A second consideration when fixing kallitypes is that the silver salt to be removed is silver nitrate, a readily soluble salt. The silver salts used in conventional photographic sensitizers made with the silver halogens (bromine, iodine, and chlorine), are quite insoluble and require the presence of an ample supply of fixer to dissolve them. The use of soluble silver salt for kallitypes permits abbreviated fixing times and weak concentrations of thiosulfate.
A third consideration is that the kallitype developer and clearing baths do not carry over chemicals that attack the fixing bath, as do certain baths in conventional silver print processing. Thus, fixing kallitype prints poses few problems. Since the non-image-forming silver that must be removed is soluble and quite accessible, a relatively weak concentration of fixing solution will suffice and the fixing can be accomplished in a relatively short period of time.
There is one problem that arises when fixing kallitype prints. Ideally, fixers dissolve the non-image-forming silver salt and have no effect on the image-forming silver, but this goal is not always attained with the kallitype process. The silver that forms the kallitype image is vulnerable to chemical attack during processing and is particularly susceptible to attack by the fixer. If the fixer is too strong or is applied for too long a period, it will bleach the highlights of the kallitype image. Fixer concentration and timing must be strictly controlled lest the delicate prints lose image quality.
Then there are a couple of paragraphs about the history of fixing kallitypes...
Then follows paragraphs about the recommended fixing time :
In general, kallitype paper fixes more rapidly than negatives, and plain paper prints fix more rapidly than do prints coated with colloids. This is because the silver salts that must be dissolved are directly accessible (rather than in a medium that must be permeated). In addition, kallitype papers fix more readily than chloride or bromide papers because the silver salt used, silver nitrate, is more soluble. For these reasons, fixing times of 5 minutes total are not unreasonable when fresh baths compounded in 5% concentrations are used. The prints should be well agitated, and there should be only one or two prints in the fixing bath at any given time. Even shorter fixing times may be possible when prints are well agitated and maintained in contact with the hypo solution throughout the fixing time.

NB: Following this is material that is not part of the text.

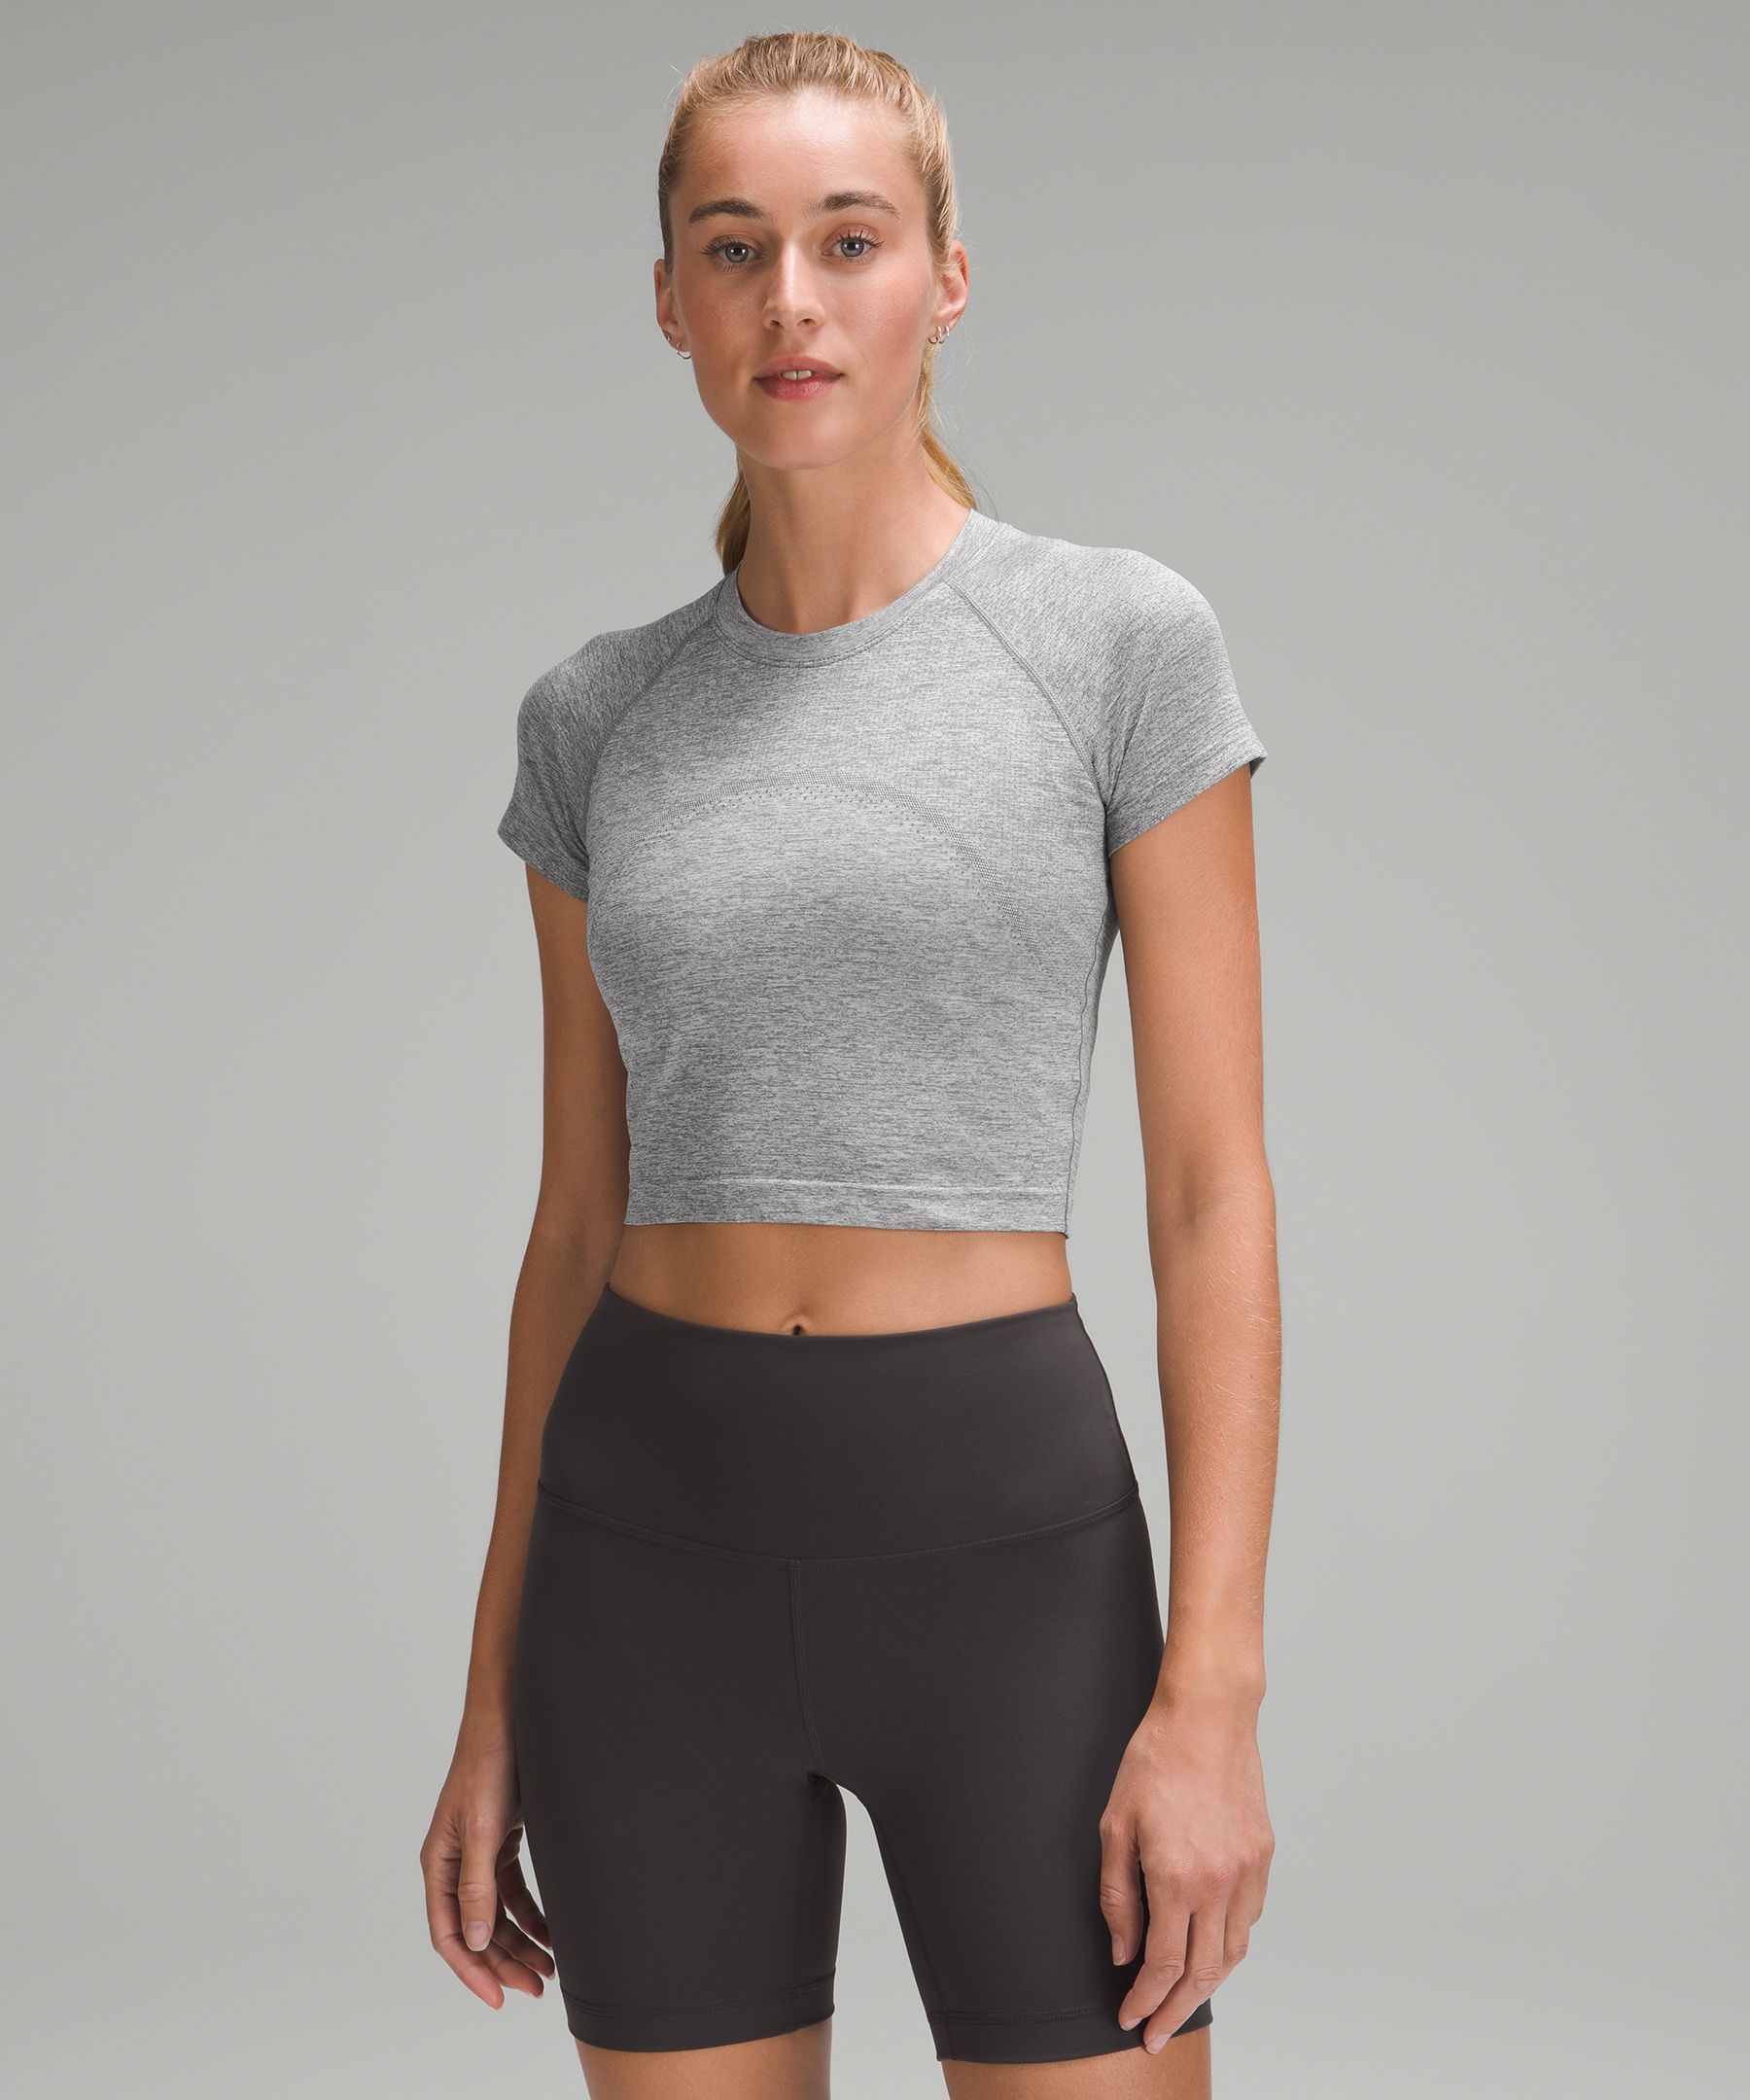 Lululemon Women's Swiftly Tech Short Sleeve 2.0 Model # LW3DFNS Size US  10/UK 14

L.A. Mannheim, in The Focal Encyclopedia of Photography, reports that the time necessary to completely fix a chloride contact print in fresh fixer is about 1 minute. As the bath approaches exhaustion, the time of fixing lengthens, up to 10 minutes. The implication of these times for fixing plain paper prints is obvious: Fixing times for kallitypes can be as short as 5 minutes in a fresh bath.
Dick Stevens, who has extensively studied the history and practice of kallitype and wrote a 250 pages book on this topic, recommends fixing kallitypes in a 5% hypo bath (slightly alkaline) for 4 to 5 minutes. Is he actually totally wrong?
Now regarding your older kallitype prints that turned yellow in the lightest areas and/or faded over time (loss of density) : Could the yellowing and fading be caused by residual ferric ions left on the paper or by hydrolysis of the ferric through the use of a developer that has become basic or a first clearing bath that is not acidic enough ? Was disodium EDTA used in the first clearing bath ? You pointed out the fixing time being too short or the fixer too weak, but can you rule out an insufficient clearing (or even maybe an exhausted developer ?) ?
I'm not questioning your observations, but as I'm reading radically opposed opinions about the fixing of iron-silver prints, and as I would
a priori tend to trust Mr Stevens, now I don't know who to trust any more

!
N.B. The altphotolist thread that Niranjan mentionned is very interesting, but about fixing salted paper print, so about removing unexposed silver halides (chloride), not silver nitrate...
P.S. : Do you think I could simulate the "aging" of my prints by exposing them to UV in my UV unit and see if I can see any signs of bad fixing ? Also, in "Professional Printing with Kodak Photographic Papers", 3d ed. (Rochester, N. Y.: Eastman Kodak, 1963), pp. 30-31, there is a procedure for testing whether or not a print was sufficiently fixed, using a solution of sodium sulfide...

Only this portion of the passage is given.